▶ **Exercise**
Every line of the material must be given again verbatim. Skip the images.
(Data block begins)
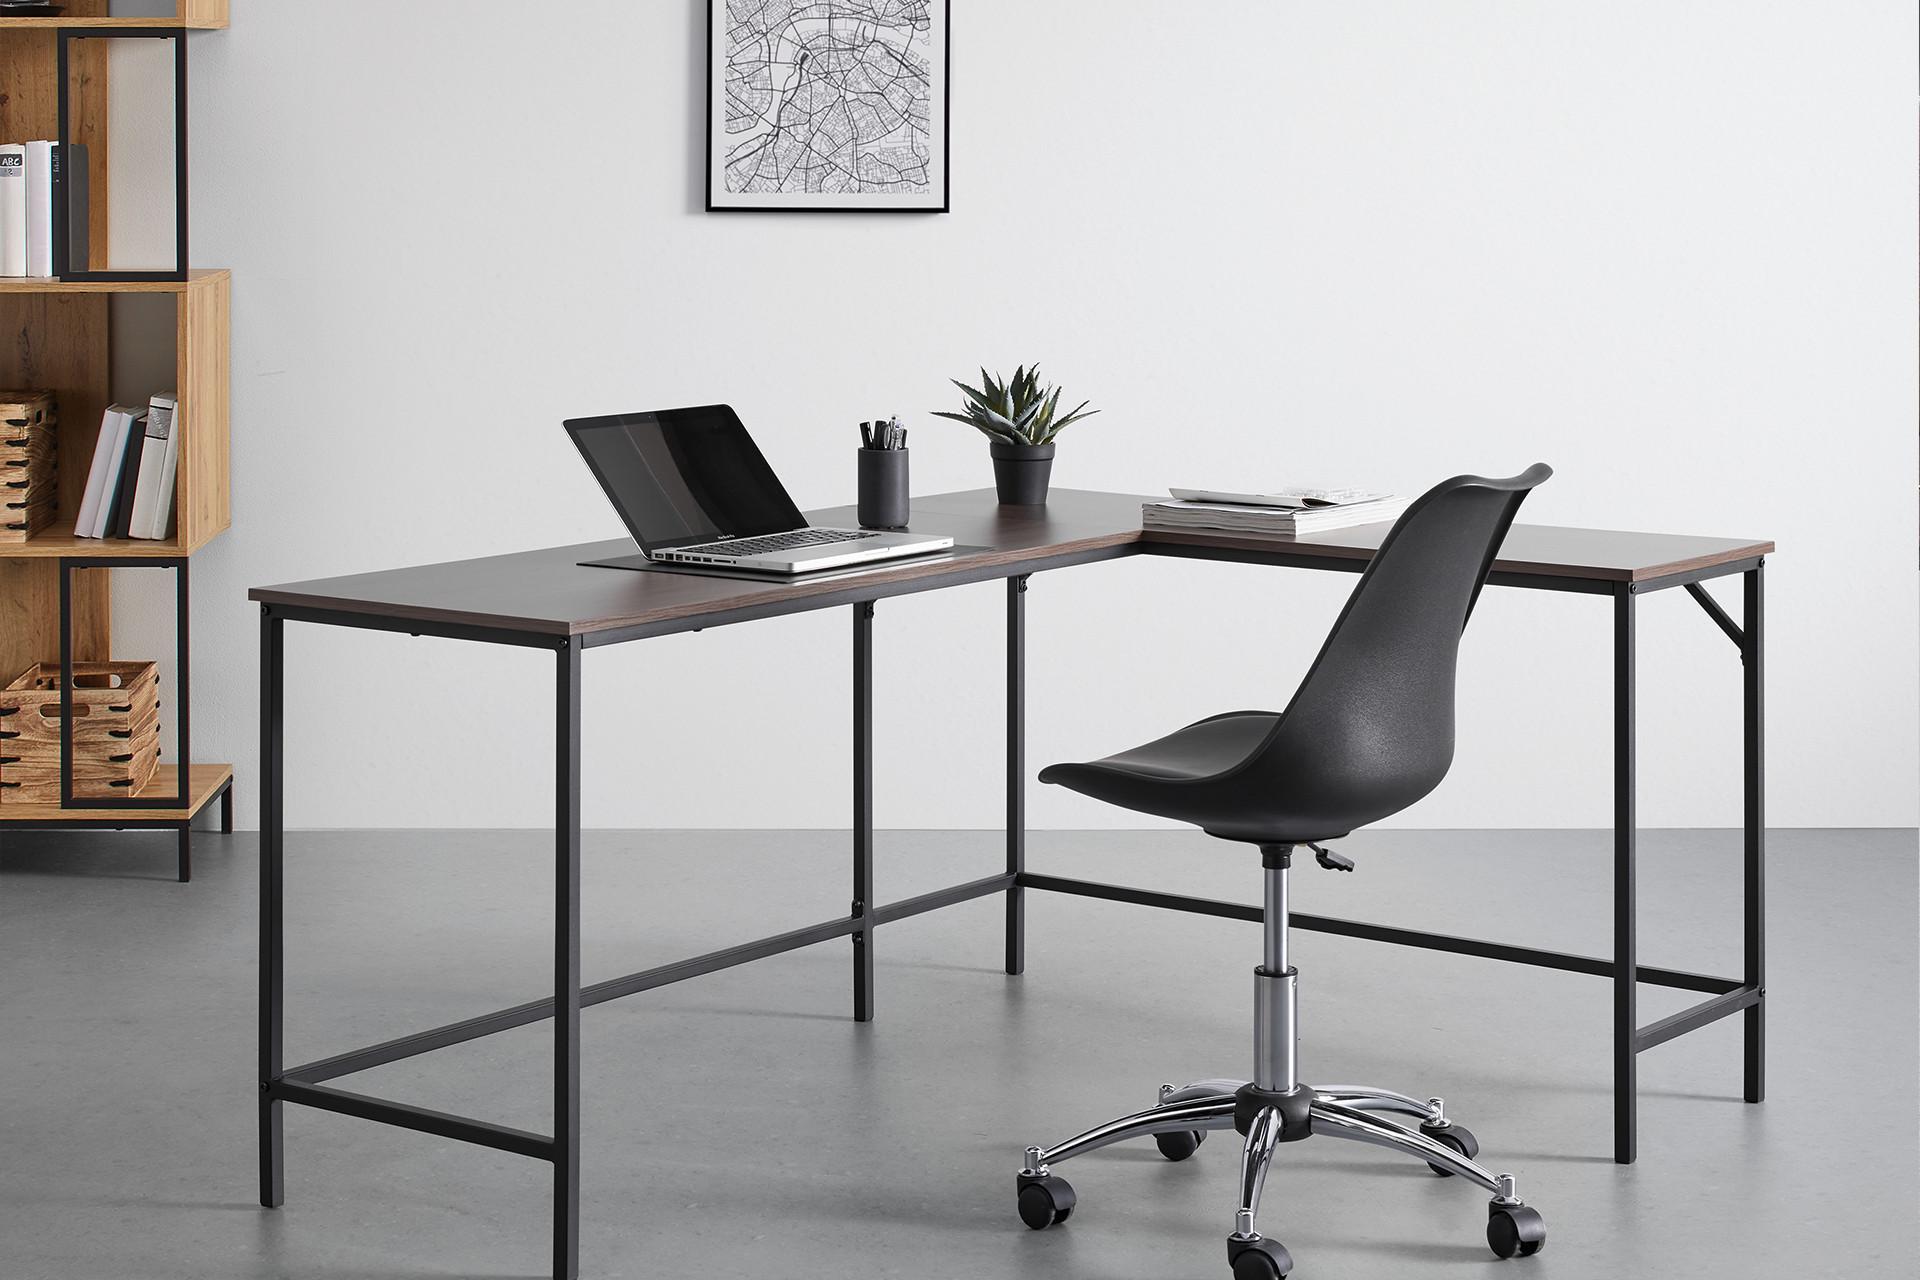 Stylischer Schreibtisch in Walnussfarben perfekt für Homeoffice von moemax.png
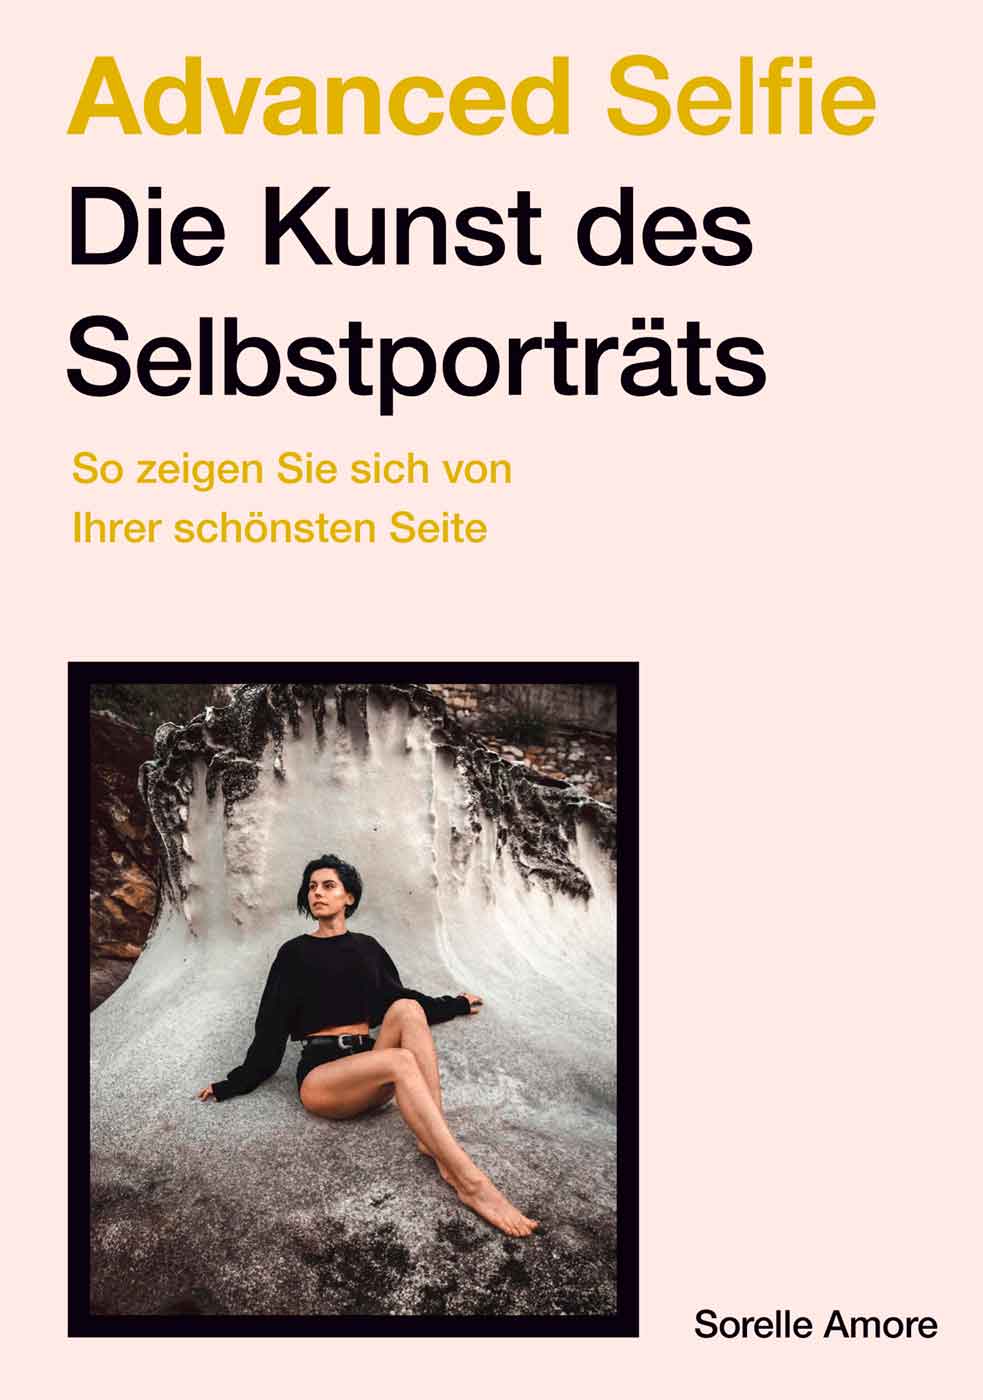 Anzeige: Lesetipps für Gütersloh: Sorelle Amore, »Advanced Selfie, die Kunst des Selbstporträts«
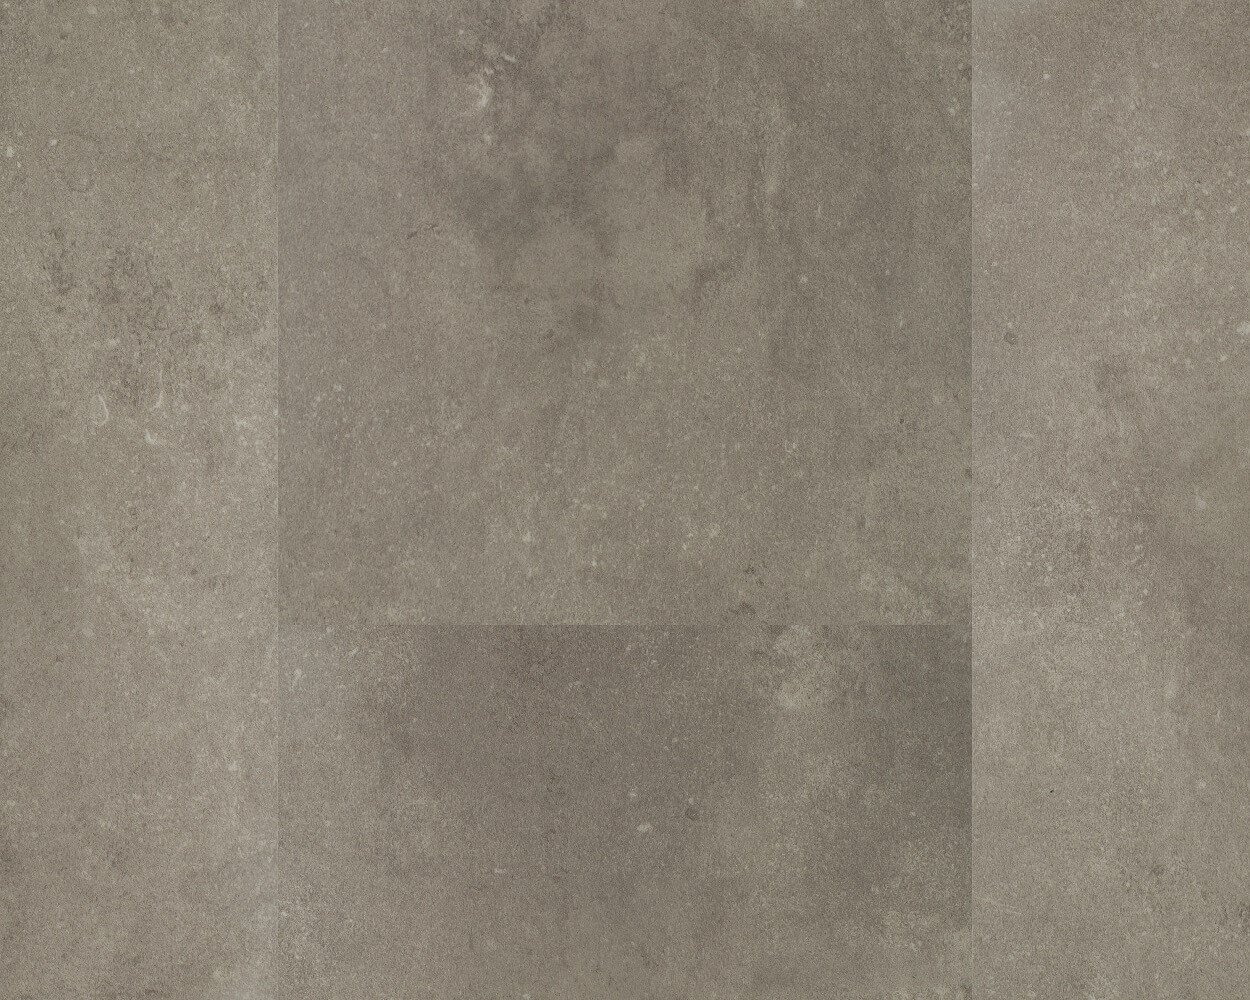 vinilinė danga betono imitacija Hebeta 11283/38211/57211
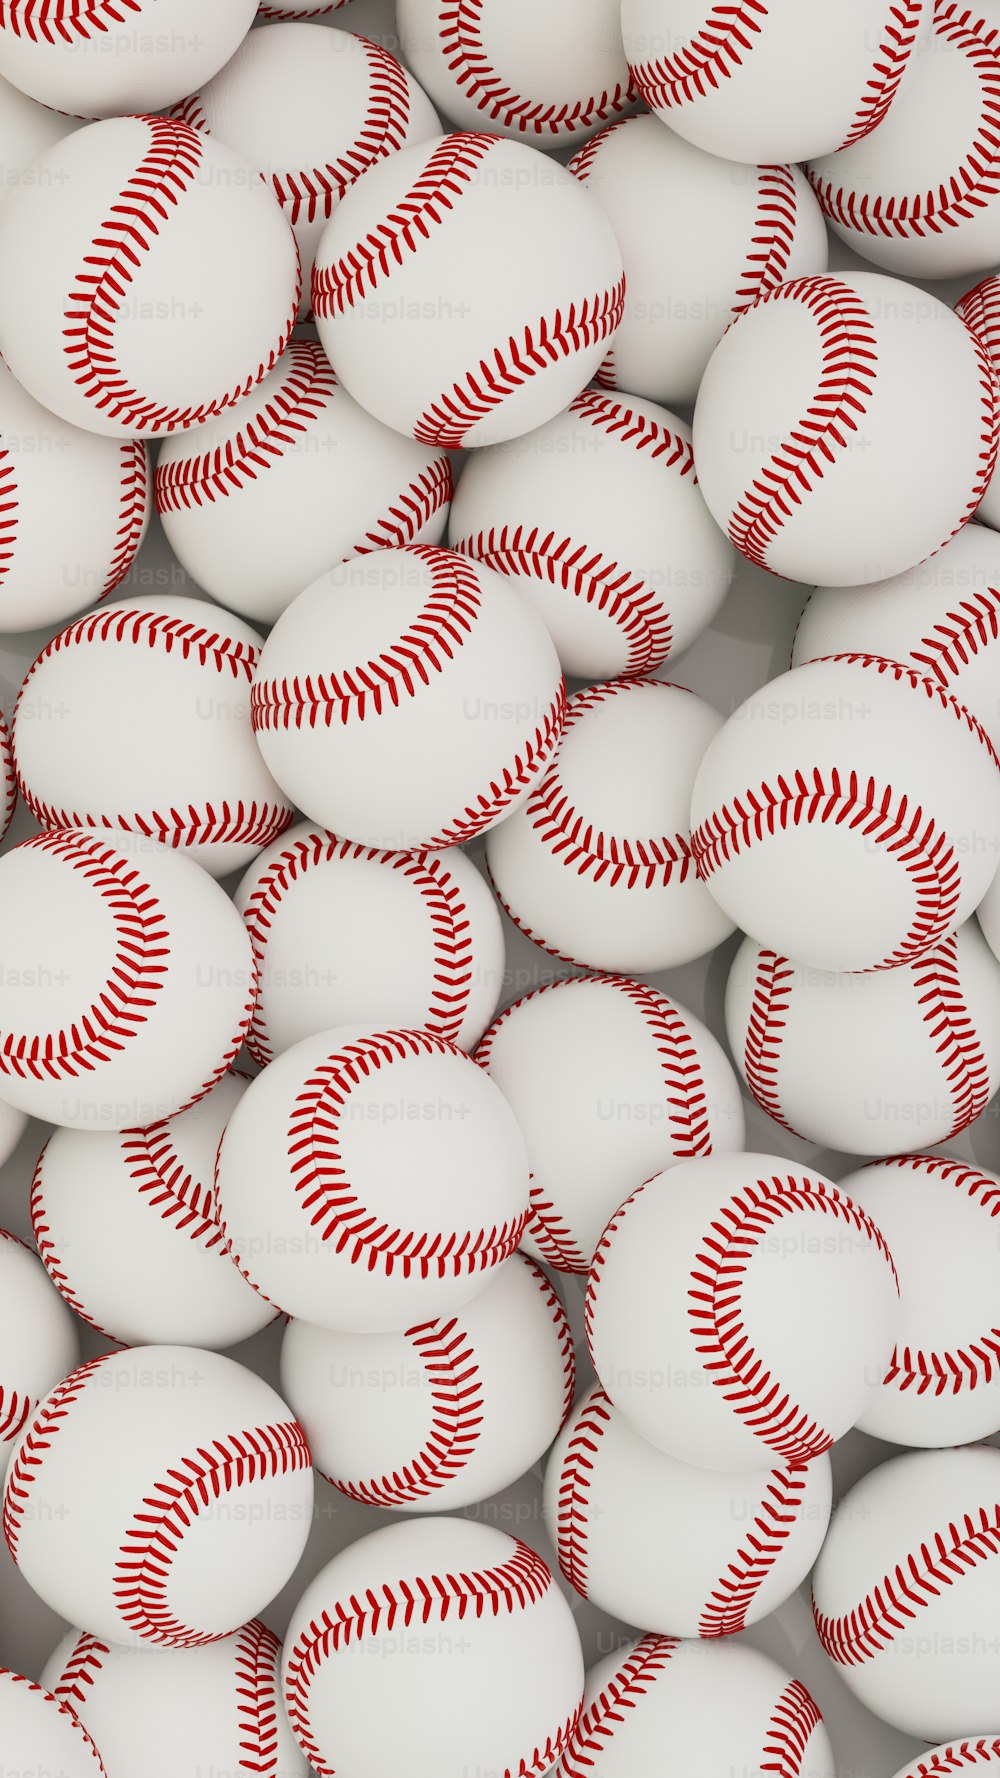 un montón de pelotas de béisbol que son blancas y rojas
(Data block ends)
▶ **Exercise response**
 Stylischer Schreibtisch in Walnussfarben perfekt für Homeoffice von moemax.png
 Anzeige: Lesetipps für Gütersloh: Sorelle Amore, »Advanced Selfie, die Kunst des Selbstporträts«
 vinilinė danga betono imitacija Hebeta 11283/38211/57211
 un montón de pelotas de béisbol que son blancas y rojas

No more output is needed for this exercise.